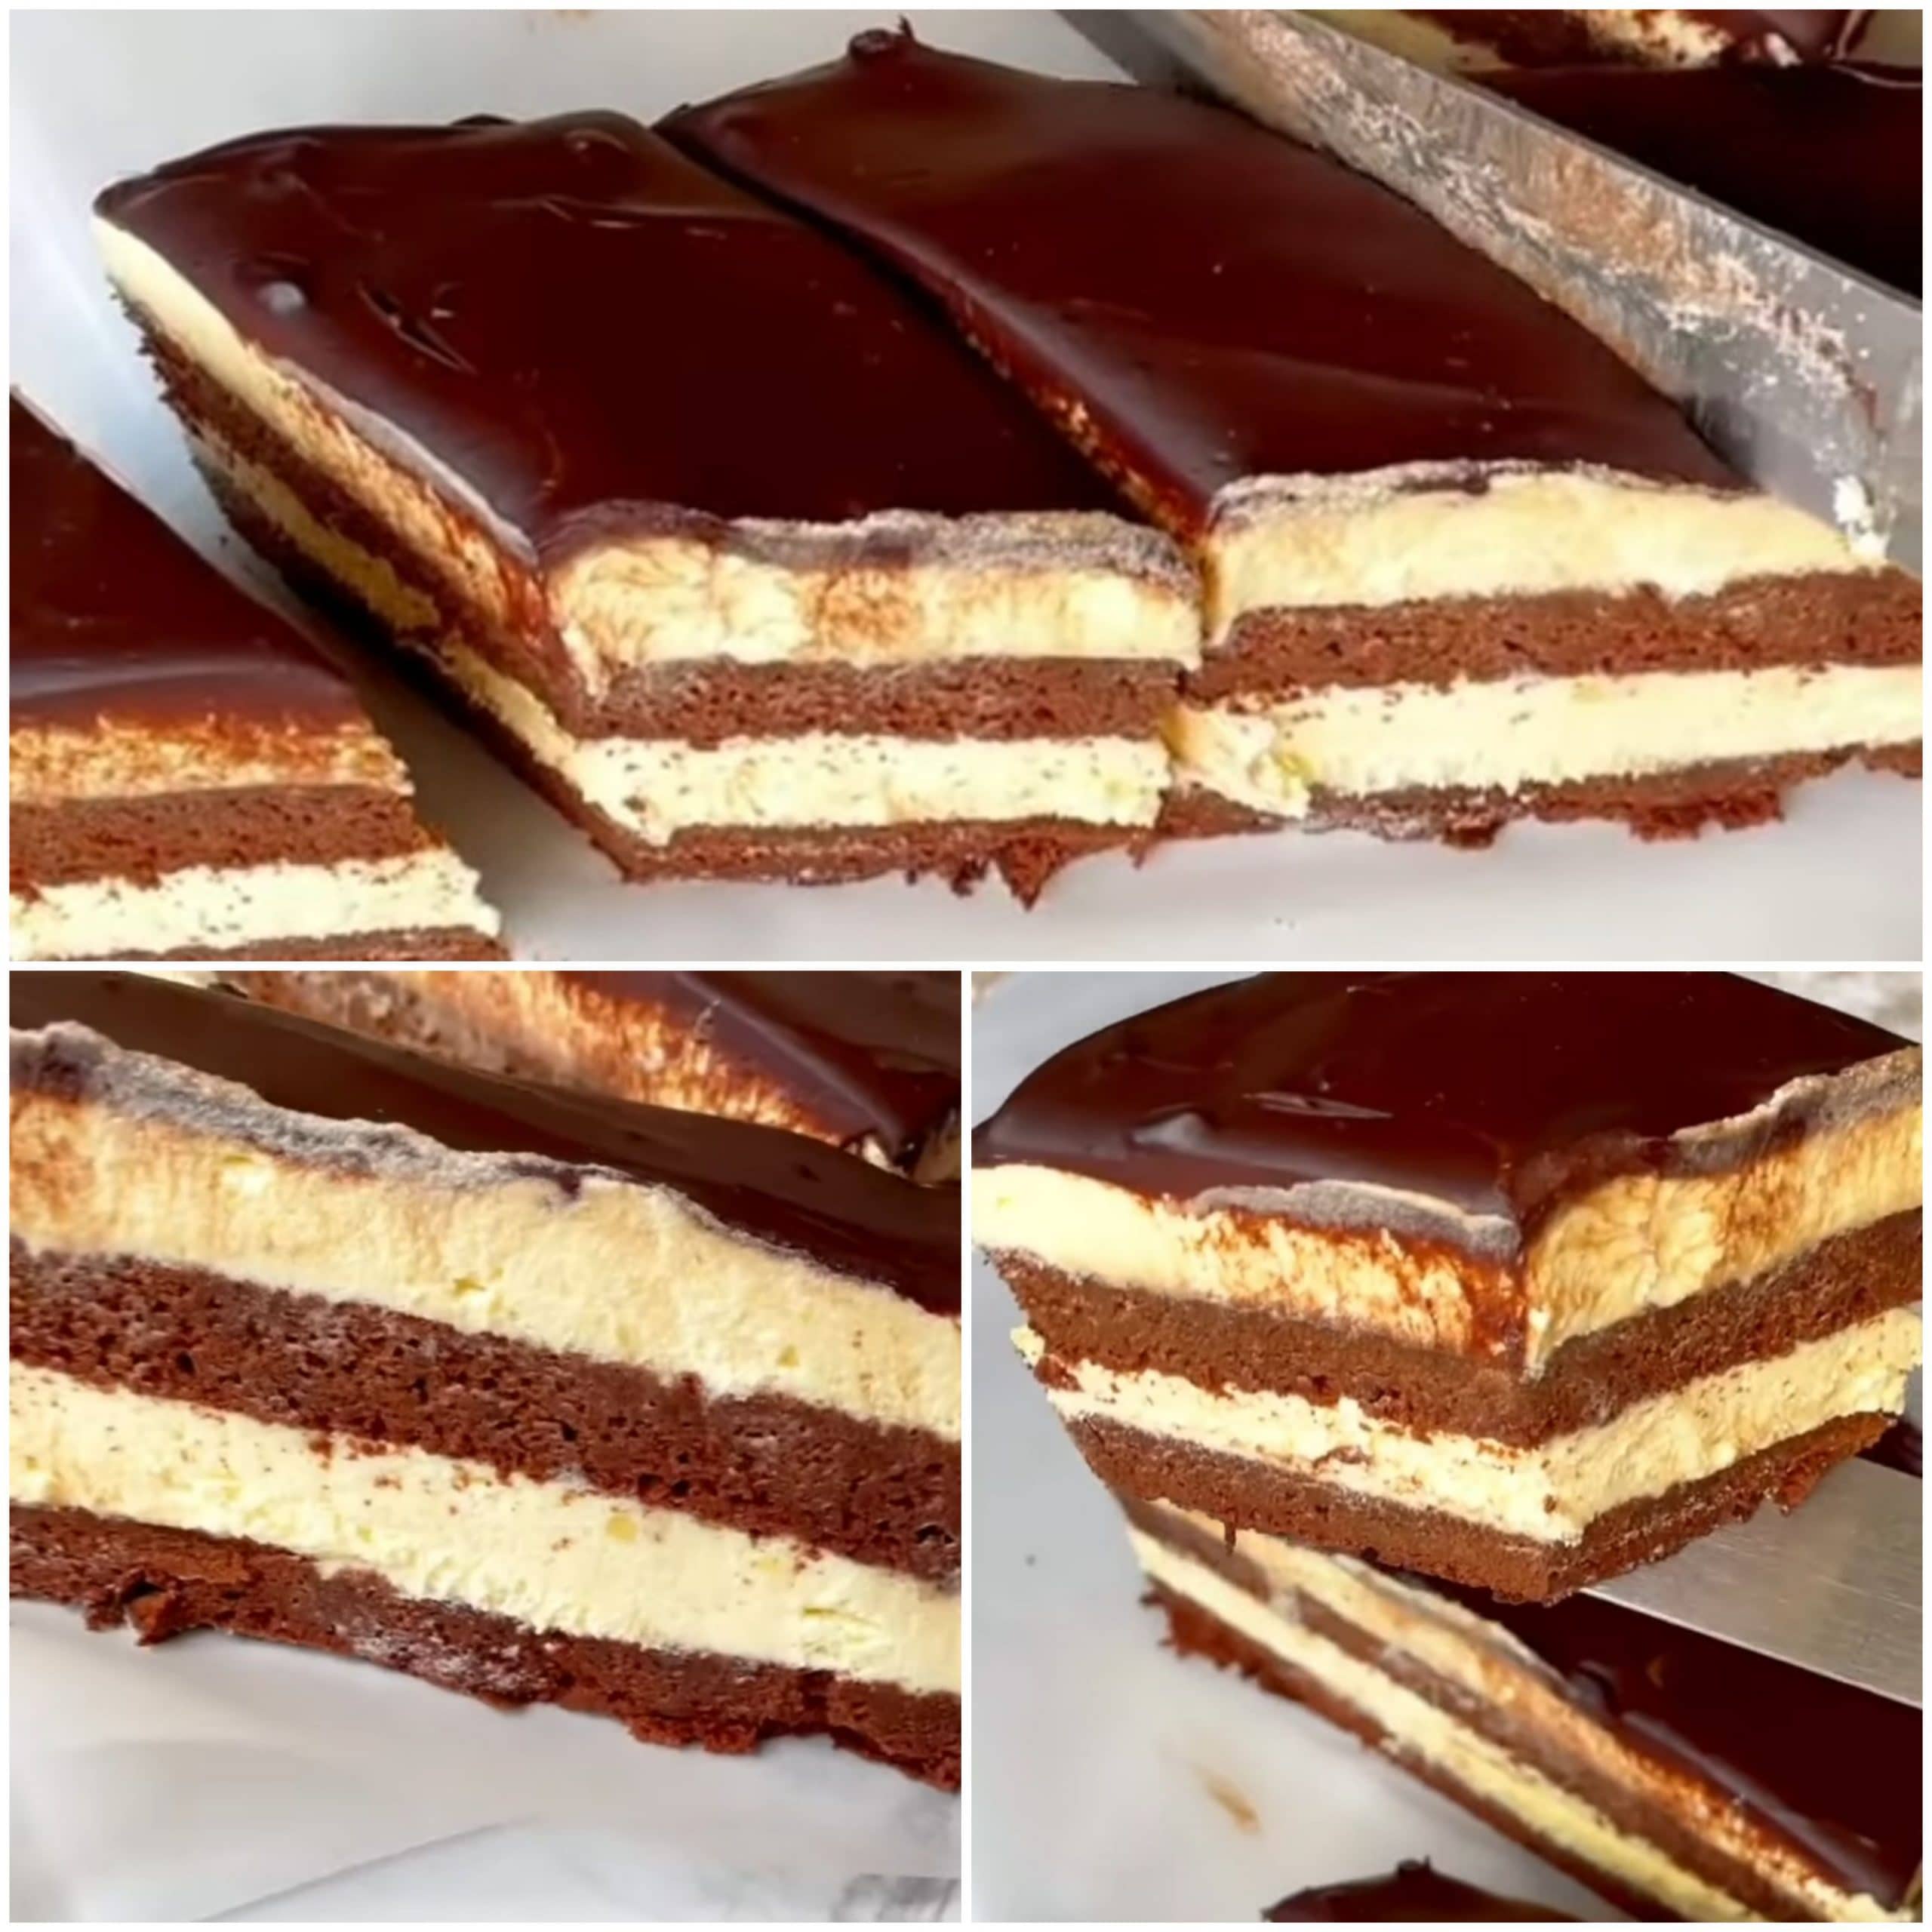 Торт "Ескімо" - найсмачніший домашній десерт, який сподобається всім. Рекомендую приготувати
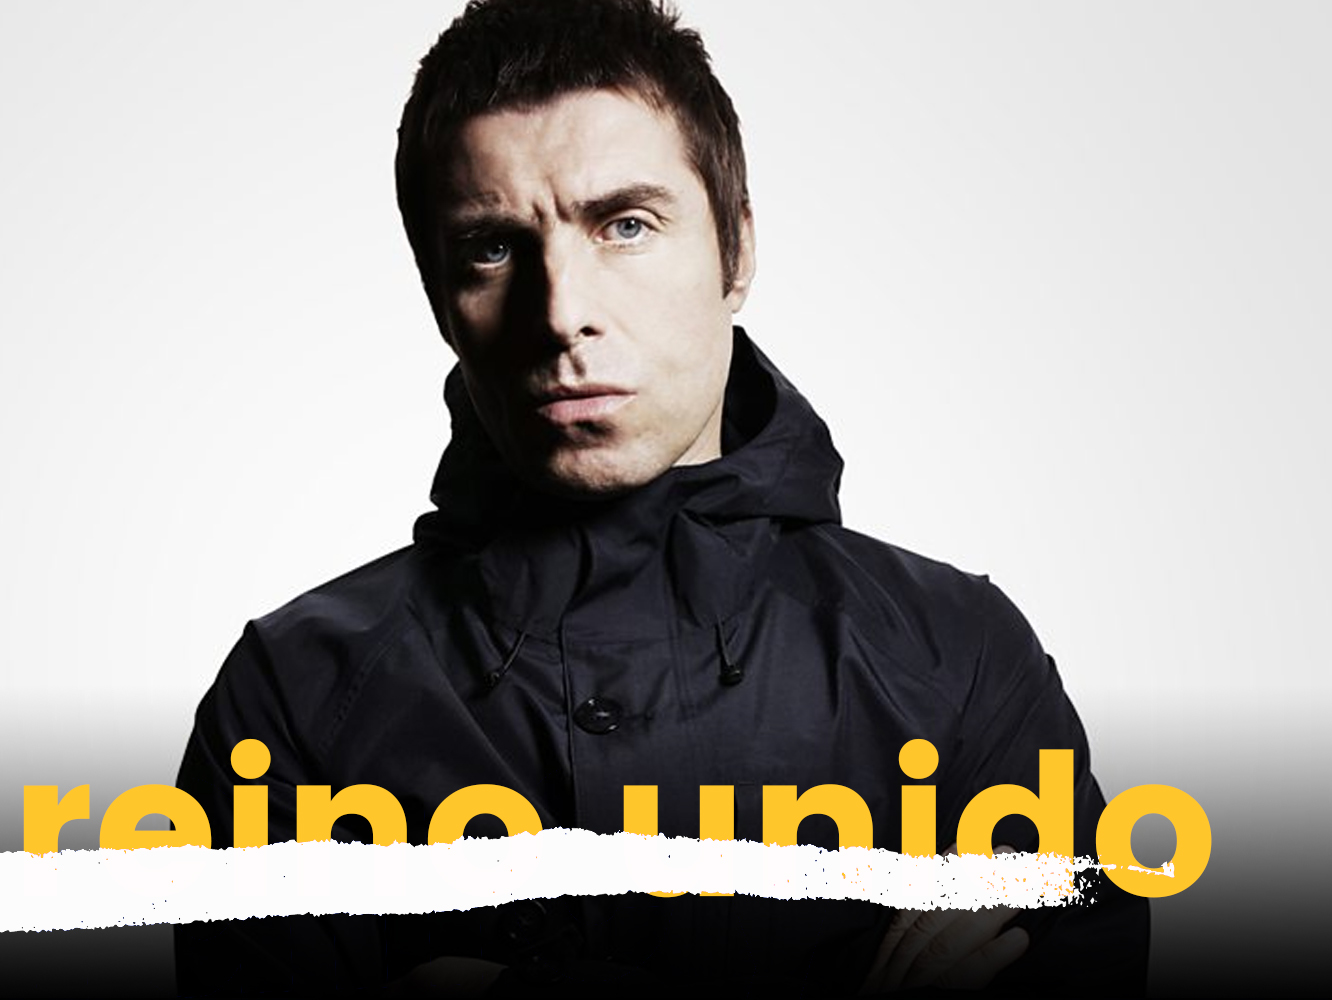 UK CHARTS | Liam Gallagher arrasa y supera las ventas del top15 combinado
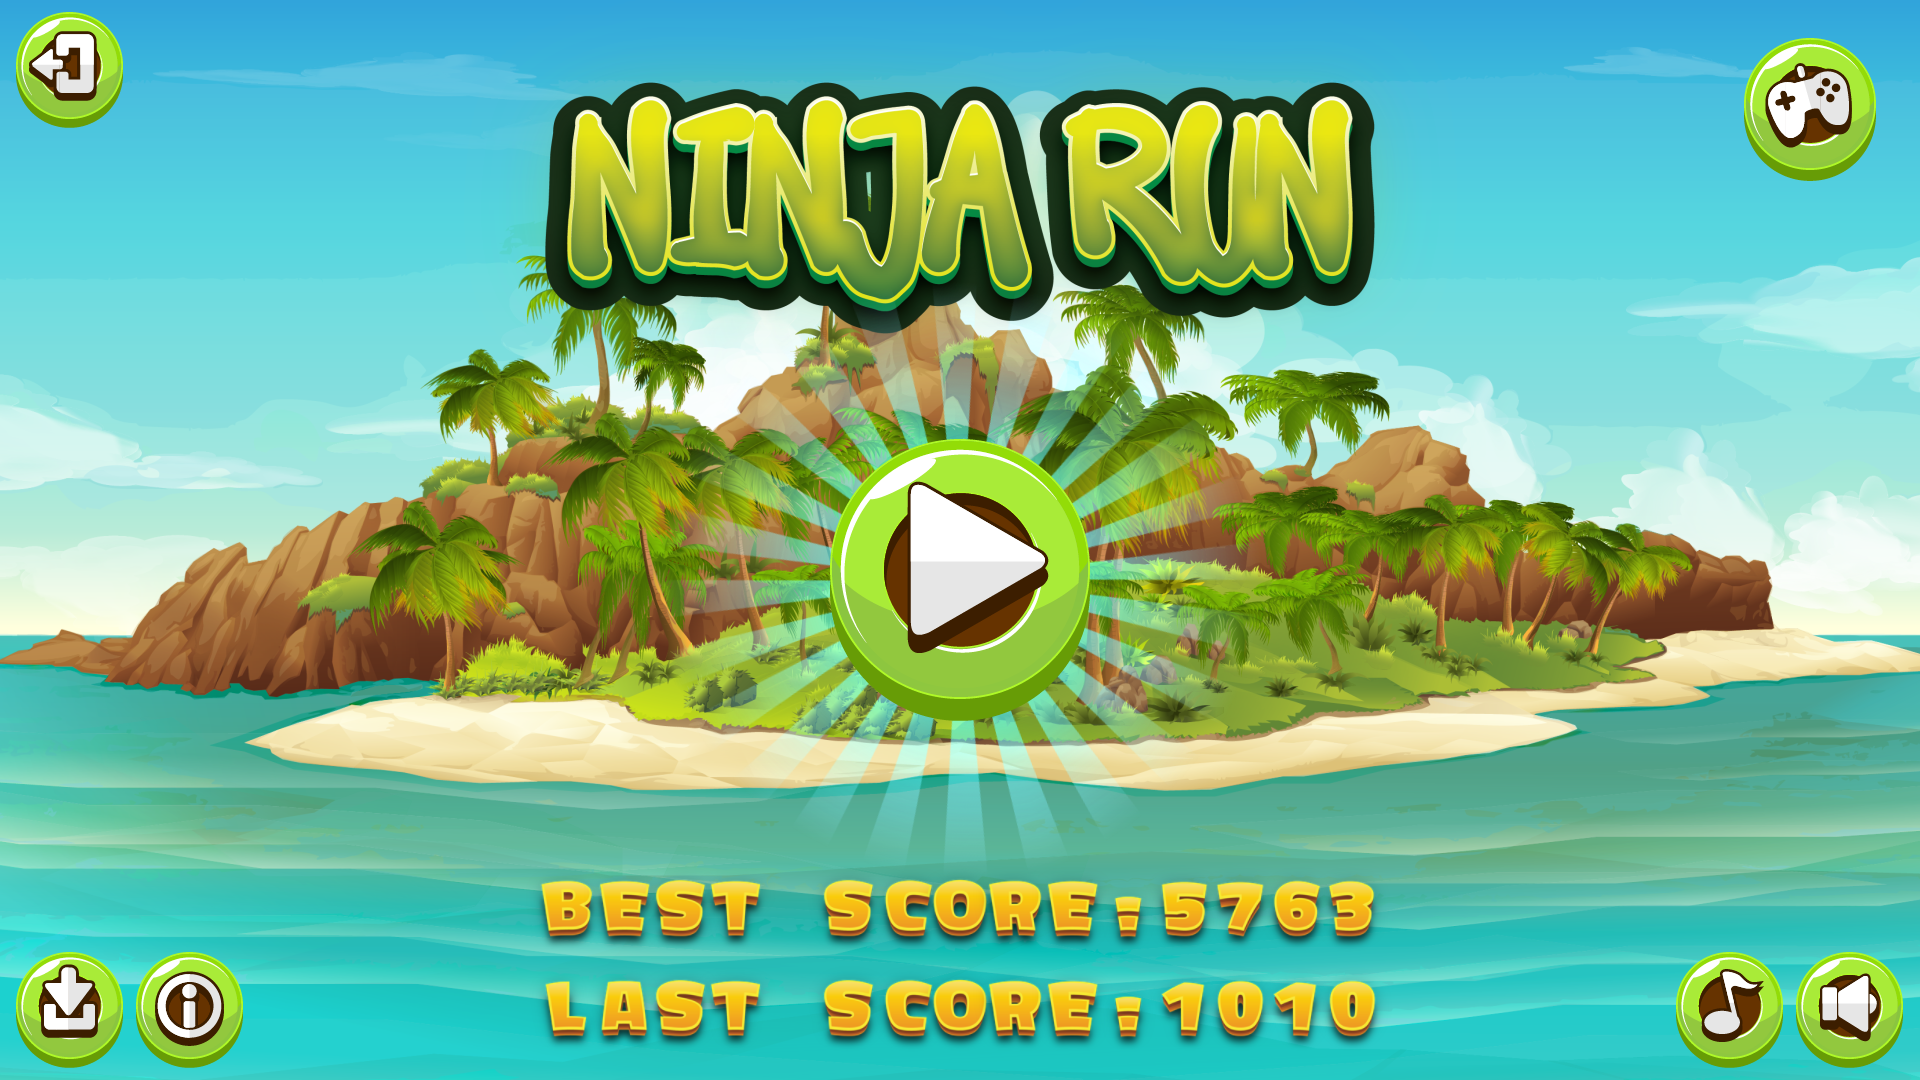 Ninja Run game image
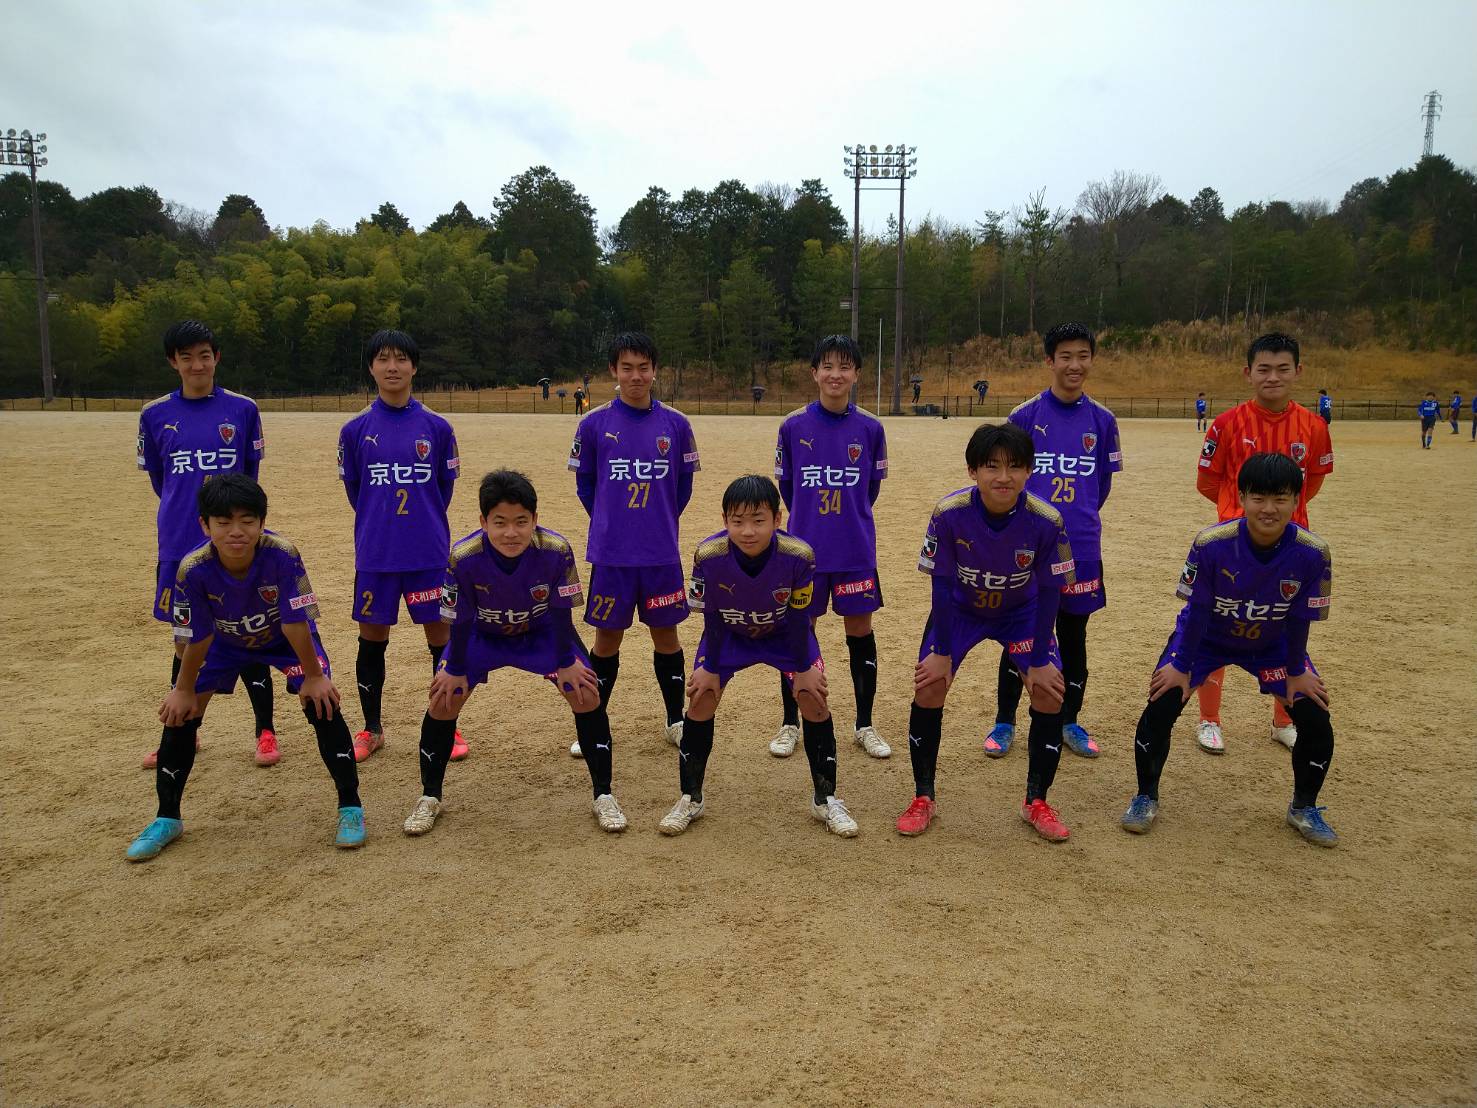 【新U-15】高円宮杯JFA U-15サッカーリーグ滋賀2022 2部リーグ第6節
-------
- _Task to carry out_
Give back the material word for word, leaving out its pictures.

- _Answer for this exercise_
 Торт "Ескімо" - найсмачніший домашній десерт, який сподобається всім. Рекомендую приготувати
 UK CHARTS | Liam Gallagher arrasa y supera las ventas del top15 combinado
 Ninja Run game image
 【新U-15】高円宮杯JFA U-15サッカーリーグ滋賀2022 2部リーグ第6節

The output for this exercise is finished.